AR-1 errors can be applied via the corAR1() function from the nlme package.

    • Refit the same model using lme, but this time add an AR-1 correlation structure.
    • Examine the residuals and acf as above. Visually, do you see an improvement?
    • Check the improvement via AIC.
    • Describe the effect

Impact of heteroskedasticity

Note: The following 2 exercises are bonus problems worth a total of 0.5% on your final grade. They involve the use of nested for loops which are detailed on the R help page.

This week we learned that when the IID assumption is violated by unmodelled heteroskedasticity, variances, and hence standard errors, can be poorly estimated resulting in misleading p-values. When this is the case, the deterministic part of the model may be correctly specified, but any inference is likely to be unreliable. Not the emphasis on unmodelled. This is because, unless there are extreme issues with the data, it is by ignoring key features that we run into issues (not just the presence of heteroskedasticity). Let’s explore that concept using a simulation experiment.

Unmodelled heteroskedasticity

    • Create a function for simulating from a linear model which has the following parameters: an intercept, \(\beta_0\), of 0, \(\beta_1 = 2\) and \(\beta_2 = 0.5\).
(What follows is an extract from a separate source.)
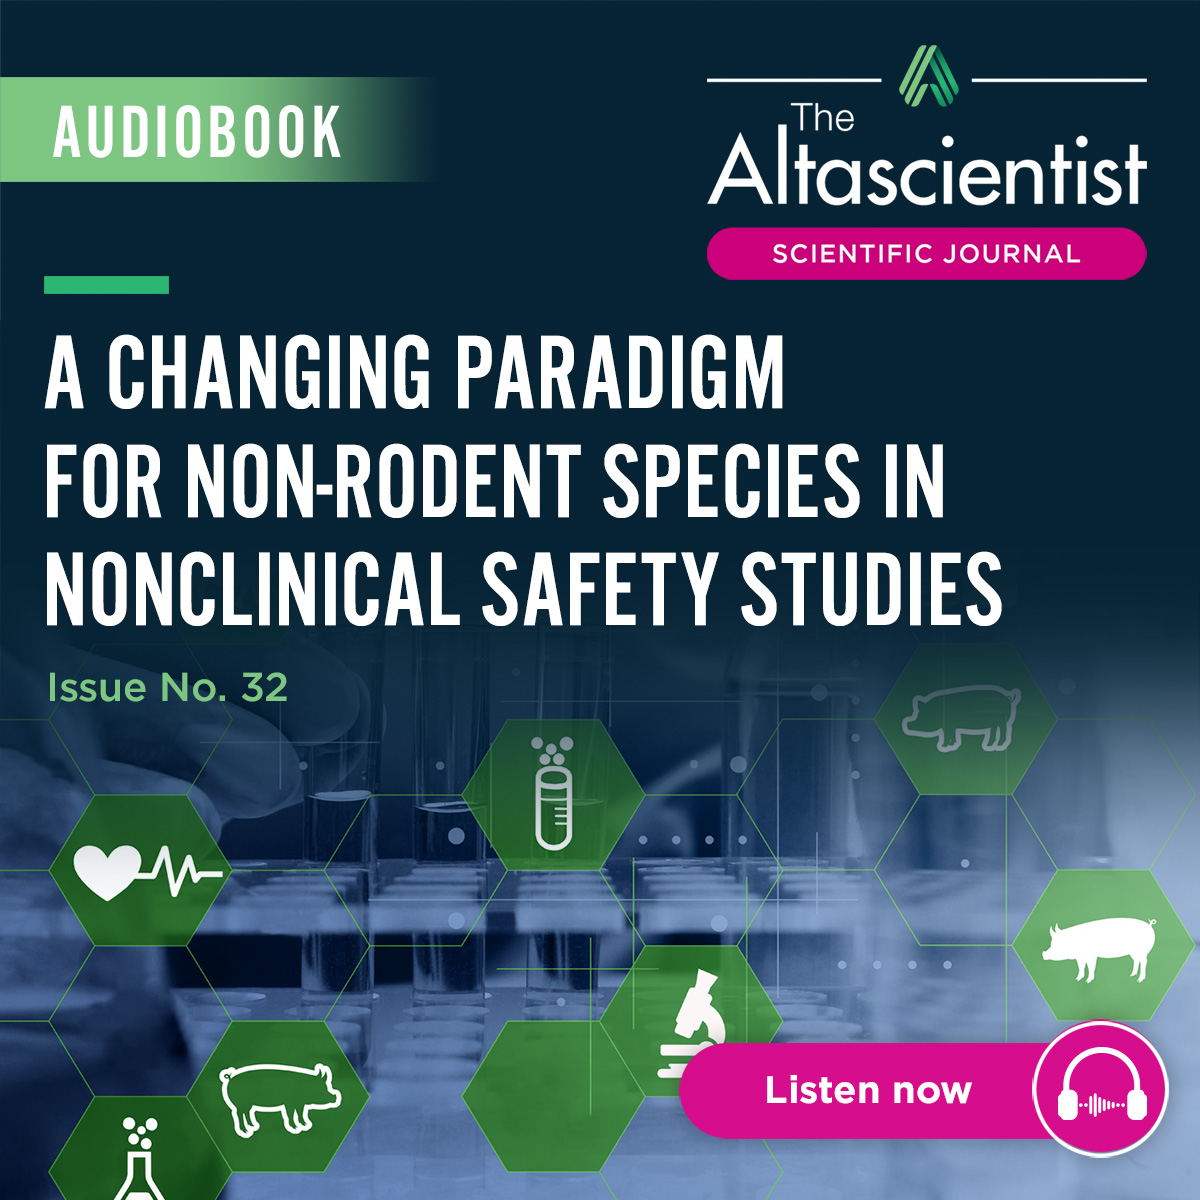 A Changing Paradigm for Non-rodent Species in Nonclinical Safety Studies

Have the errors for these data be drawn from a power variance error structure \(\varepsilon_{ij} \sim \mathcal{N}(0,\,\sigma^{2} \times \vert x_{1,i} \vert ^{2\delta_j})\) that is a function of \(x_1\) and with \(\sigma^2\) = 4.
    • Create a sequence of \(\delta\) values ranging from 0 to 1 by an interval of 0.05.
    • For each of the \(\delta\) values: i) simulate 50 uniformly sampled \(x_1\) and 50 uniformly sampled \(x_2\) values each ranging from 0 to 20; ii) use these data and your function to generate the y values; iii) fit a linear model to the data; iv) extract and store the p-values for the intercept,\(\beta_1\) and \(\beta_2\).
    • Repeat this 100 times per \(\delta\) value.
    • Plot the mean \(p\)-value for each parameter at each \(\delta\) value.
    • Describe the impact of unmodelled heteroskedasticity.
    Hint: Using for loops that store values in a list is a straightforward approach to this exercise. The following R functions can help make this exercise easier: aggregate(), do.call()

Modelled heteroskedasticity

    • Repeat the above simulation experiment but this time, instead of ignoring the heteroskedasticity, fit a model with a power variance structure.
    • Describe the impact that modelling heteroskedasticity has on the capacity to identify significant parameters.